No Surprise: This week’s decision by a judge who refused to immediately order fired Santa Barbara News-Press reporters back to work was “just a speed bump” in the union battle, according to one journalist.
“This ruling comes as no surprise,” said Dawn Hobbs, a News-Press reporter who was fired in February, 2007.
Judges tend to be reluctant to issue injunctions under these circumstances, but some found it disconcerting that a judge would find that an employer’s rights outweighed those of workers after another court found the same employer to have broken the law by illegally firing workers for protected union activity. Nor was it clear why Federal Judge Stephen Wilson gave First Amendment refuge to owner Wendy McCaw. Judge Wilson apparently bought the paper’s argument that the union was trying to limit the paper’s “editorial discretion” rather than just exercising its legal right to a fair contract.

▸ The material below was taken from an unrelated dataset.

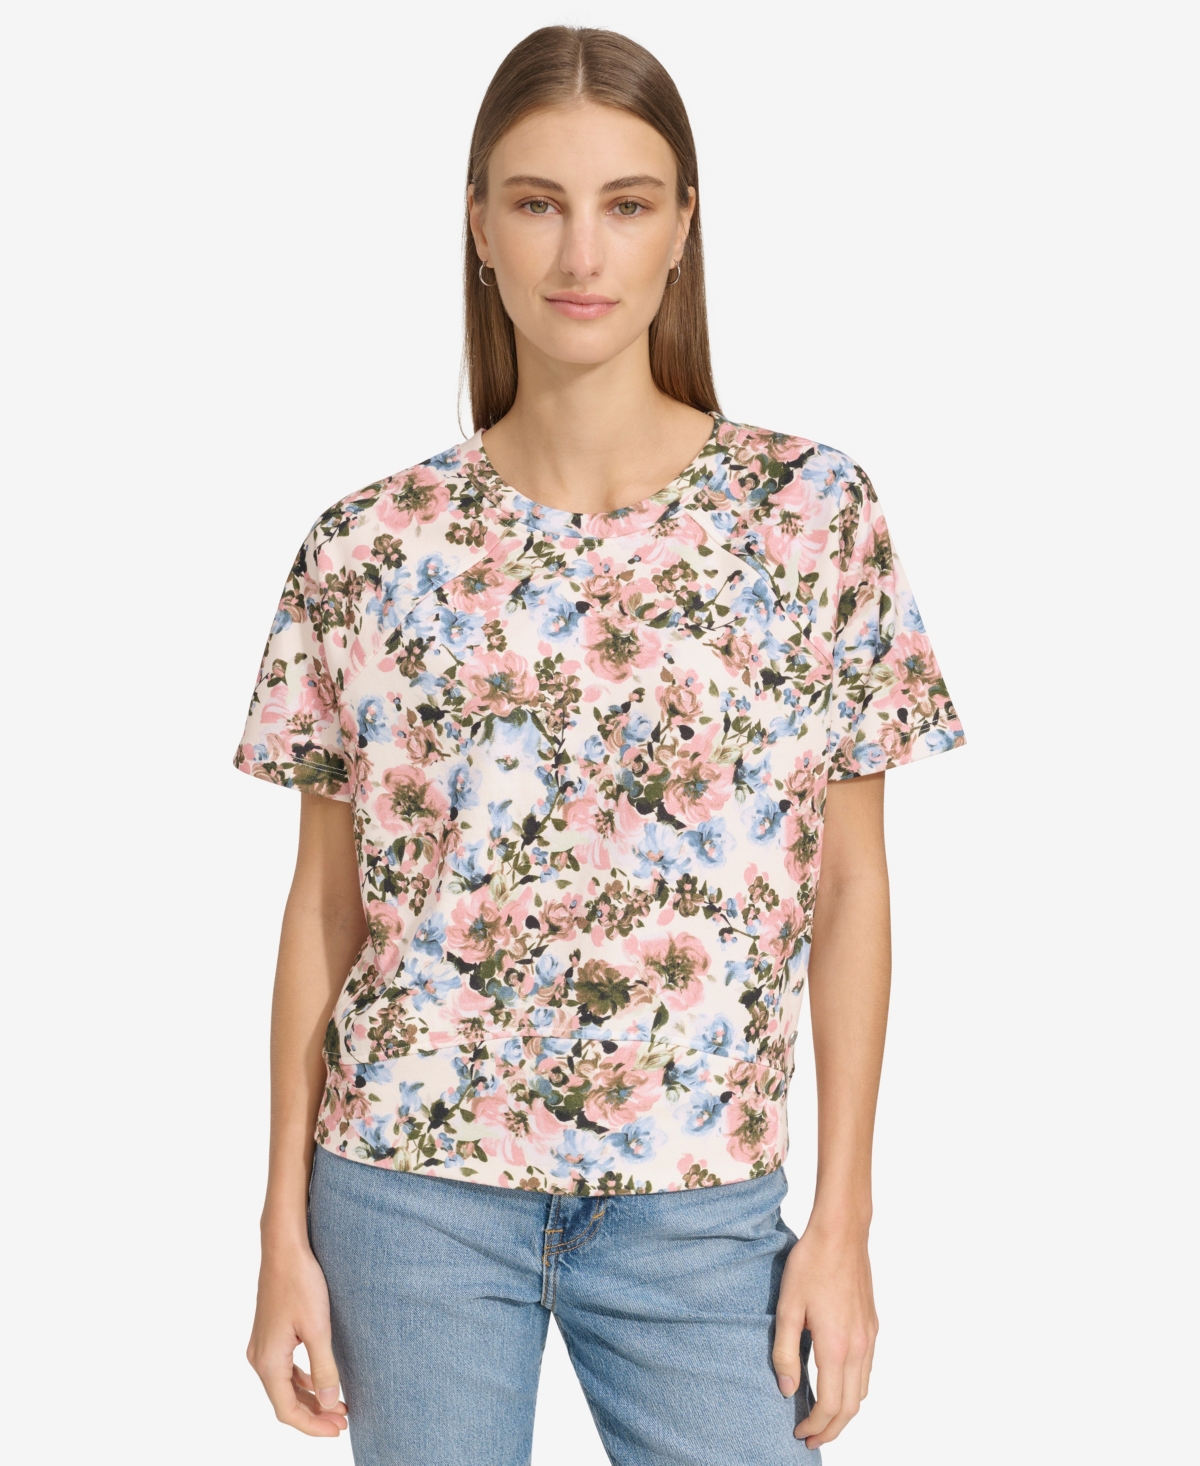 Andrew Marc Sport Women's Short-Sleeve French Terry Top - Rose Mixed Floral

“Our request for temporary reinstatement was denied, but we still won the trial,” Hobbs said, referring to a Dec. 26, 2007 ruling by administrative law judge William G. Kocol that eight reporters had been wrongfully terminated and ordered that they be reinstated with back pay. “This doesn’t dampen our spirits in the slightest.
“We remain confident that the appeal the News-Press now has pending on the ruling from December (2007) — which was against the company on 15 unfair labor practice charges, including our illegal terminations — will be resolved in our favor,” said Hobbs, who covered the crime and courts beats for nearly nine years before she was terminated. “Our legal departments in Washington, D.C., and Burbank are now reviewing this judge’s decision to decide our next course of action.”
Judge Wilson ruled that reinstating the reporters would infringe on the First Amendment rights of the News-Press to protect itself against union efforts. His decision affects only the injunction request filed in March by the National Labor Relations Board (NLRB). It does not overturn Judge Kocol’s ruling that the News-Press violated federal labor laws in firing the eight reporters. That decision was immediately appealed by the News-Press and a decision is pending.
Ira Gottlieb, attorney for the Teamsters Union representing the newsroom employees, said “We respectfully believe (the case) was incorrectly decided.”
Comments about Judge Wilson from lawyers in The Robing Room website are less than complementary: Some of the milder examples: “Wilson continues to be completely biased against and very unfair toward plaintiffs and their counsel in civil rights cases — particularly employment discrimination, harassment, retaliation, and wage-and-hour cases.”
“Petty and nasty. Has a reputation for being a misogynist and a bigot. Tries to intimidate and demean lawyers. Intelligent. However, only uses it to support his outcome-driven opinions and to clean the record to frustrate appeals.”
“Very unfair toward plaintiff’s in civil rights cases.”